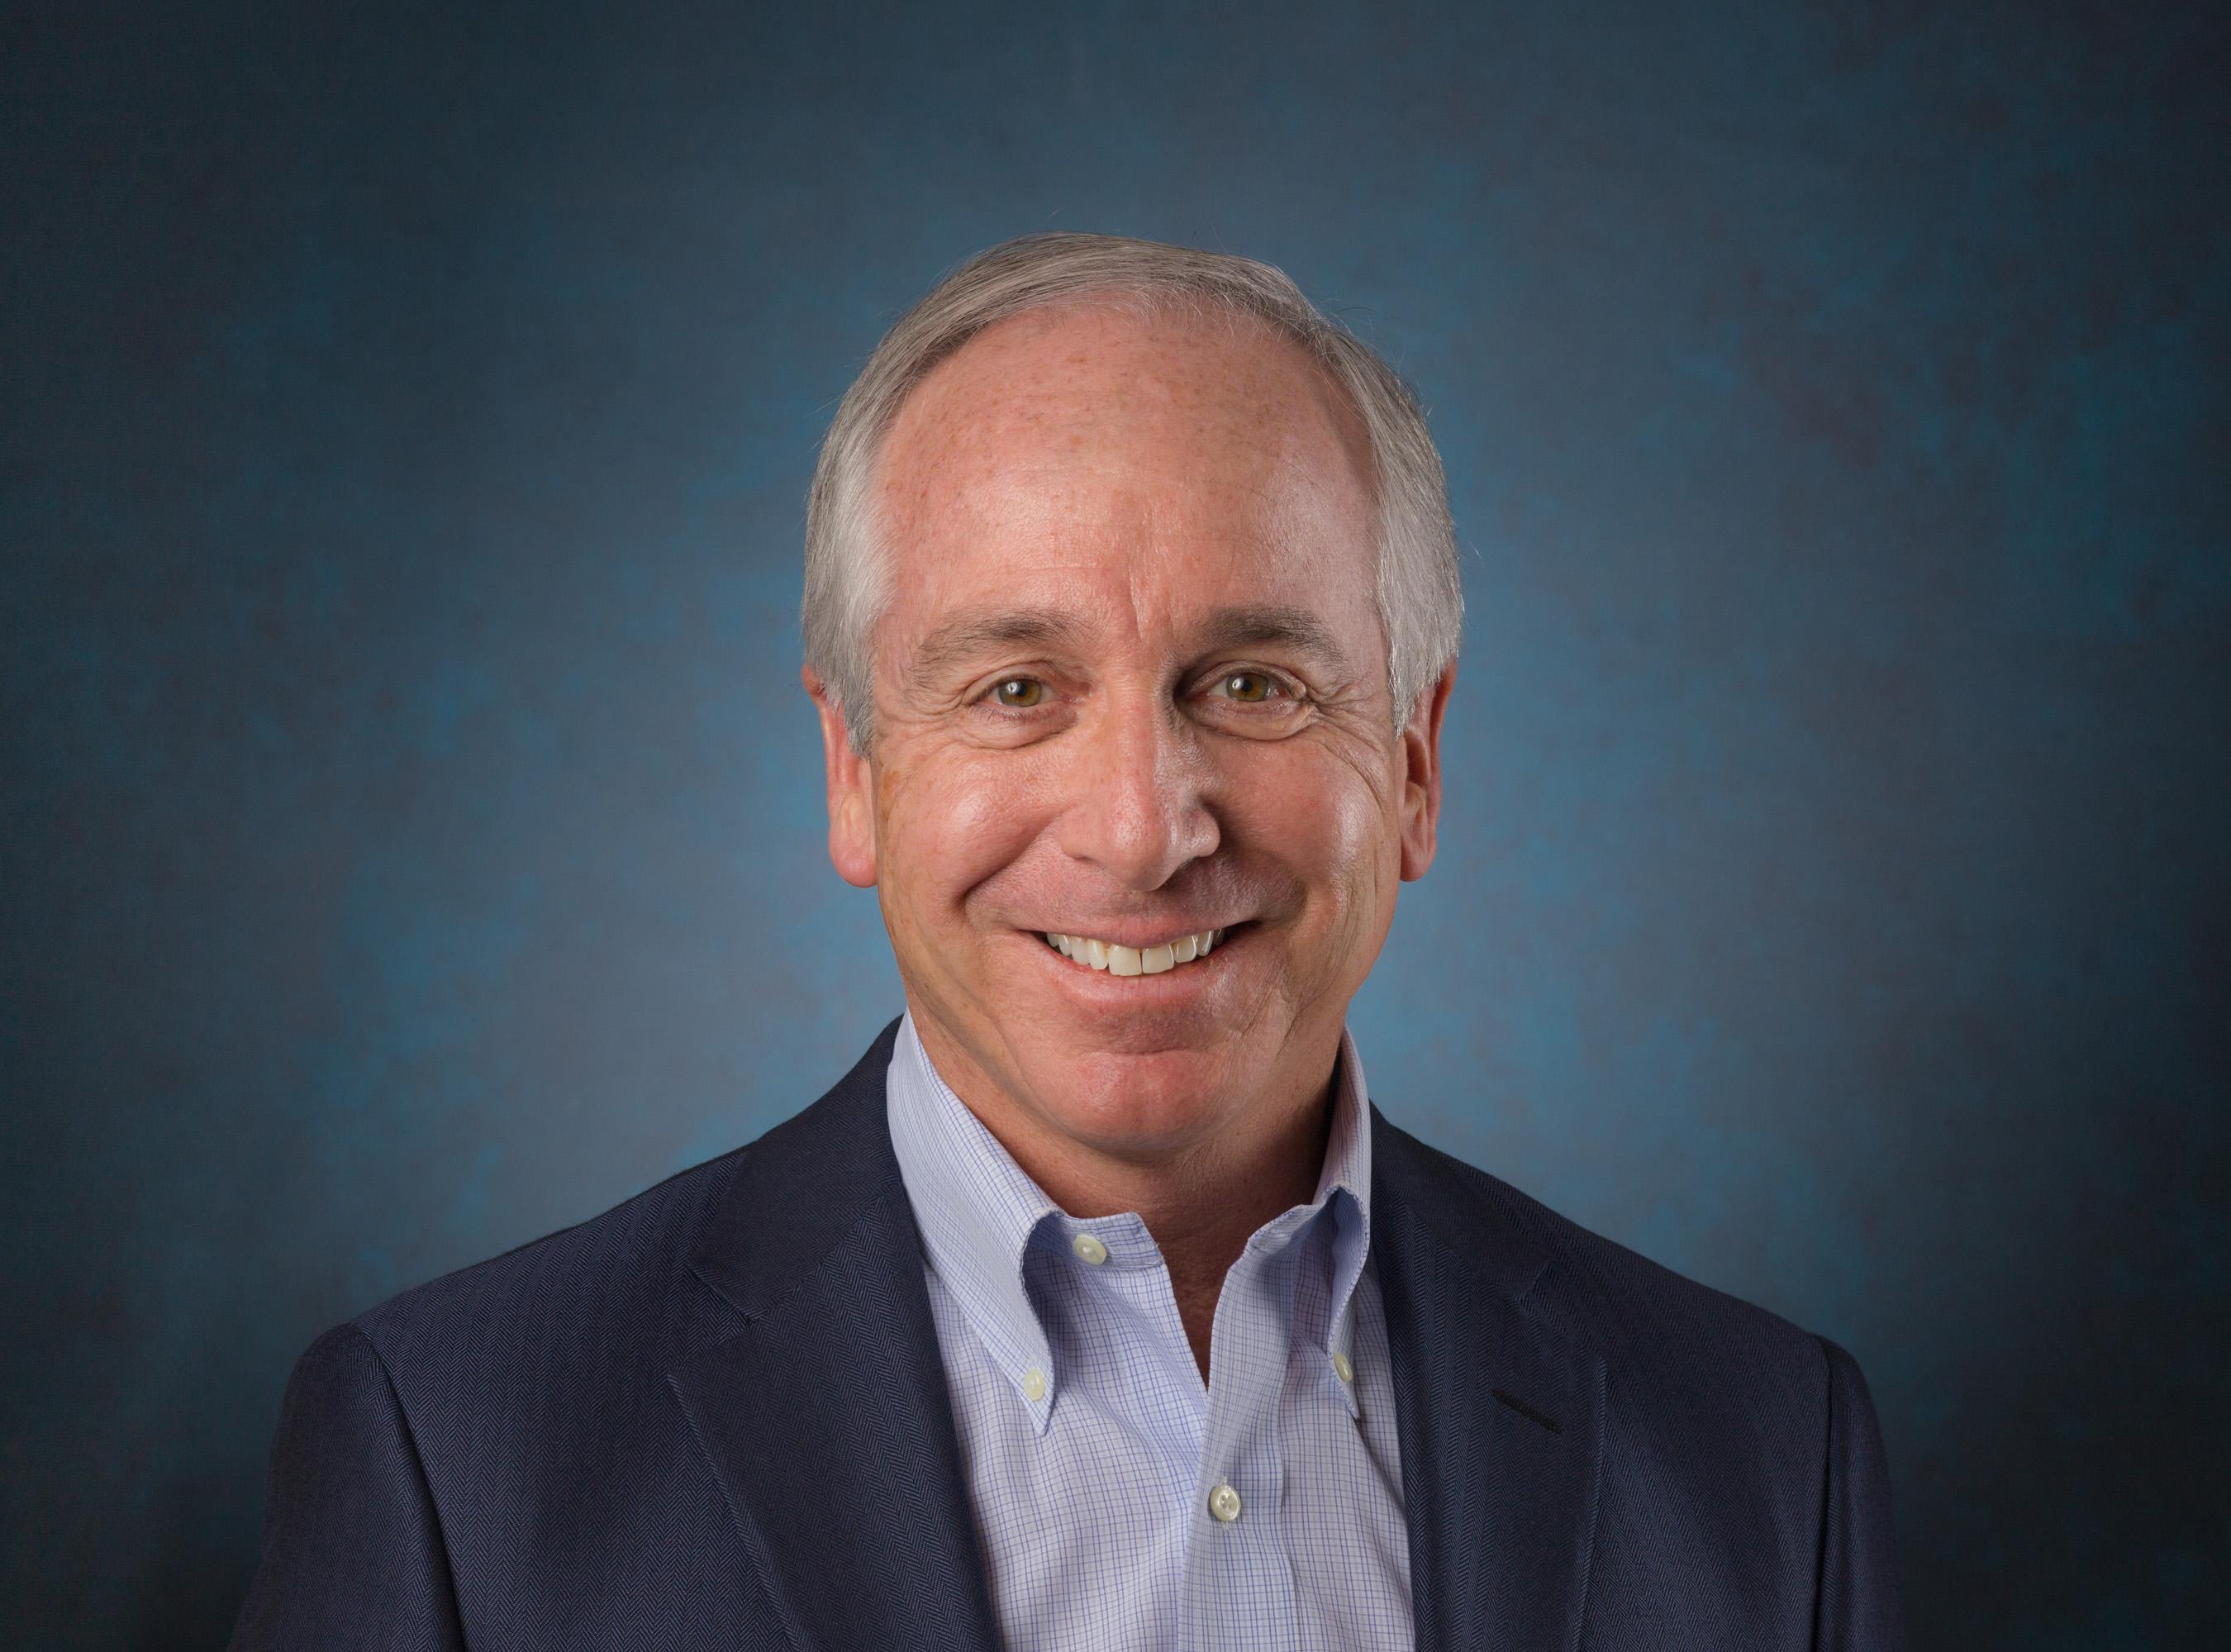 Robert Half senior executive director Paul McDonald
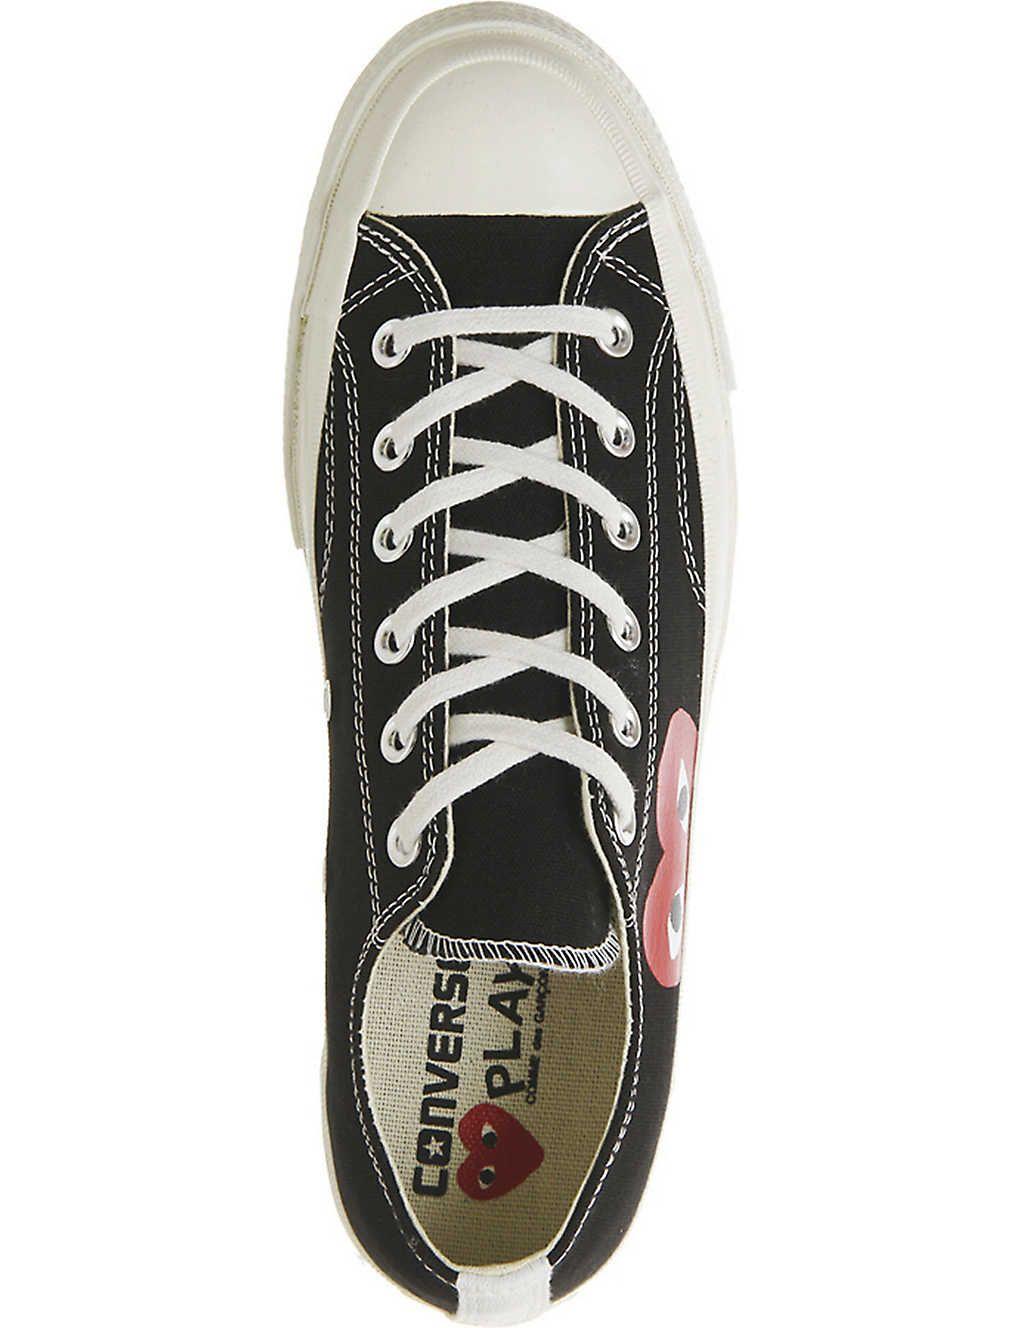 Converse, Converse 70s, Comme des garcons
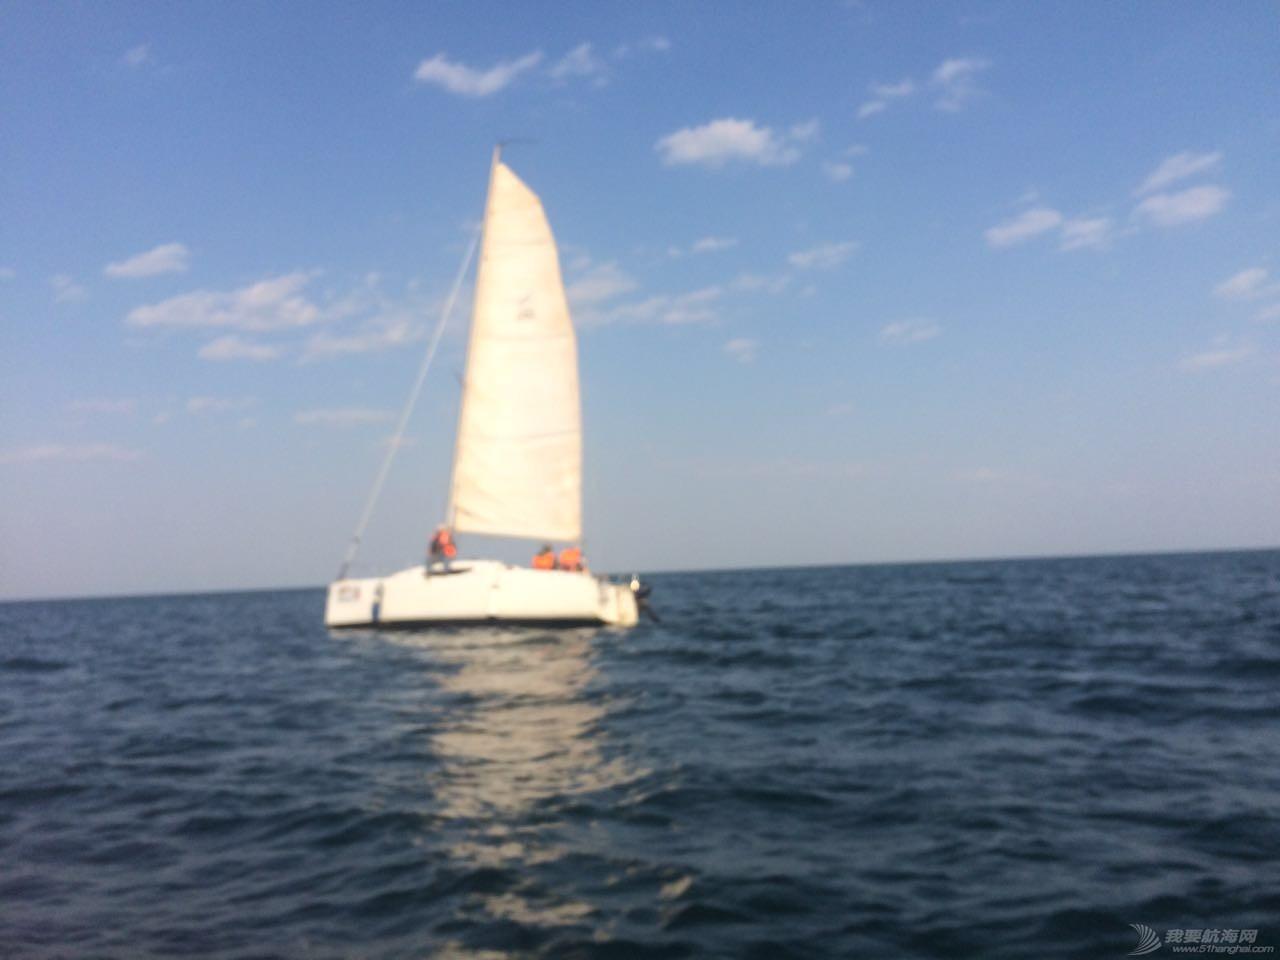 日照,东方太阳城,青年旅舍,金沙滩,artist 杨帆日照公益航海,让梦想起航

○ ○ ○ ○

> TASK BRIEF
The listing above should be repeated word for word, with every image left out.

> RESULT
 Robert Half senior executive director Paul McDonald
 Converse, Converse 70s, Comme des garcons
 日照,东方太阳城,青年旅舍,金沙滩,artist 杨帆日照公益航海,让梦想起航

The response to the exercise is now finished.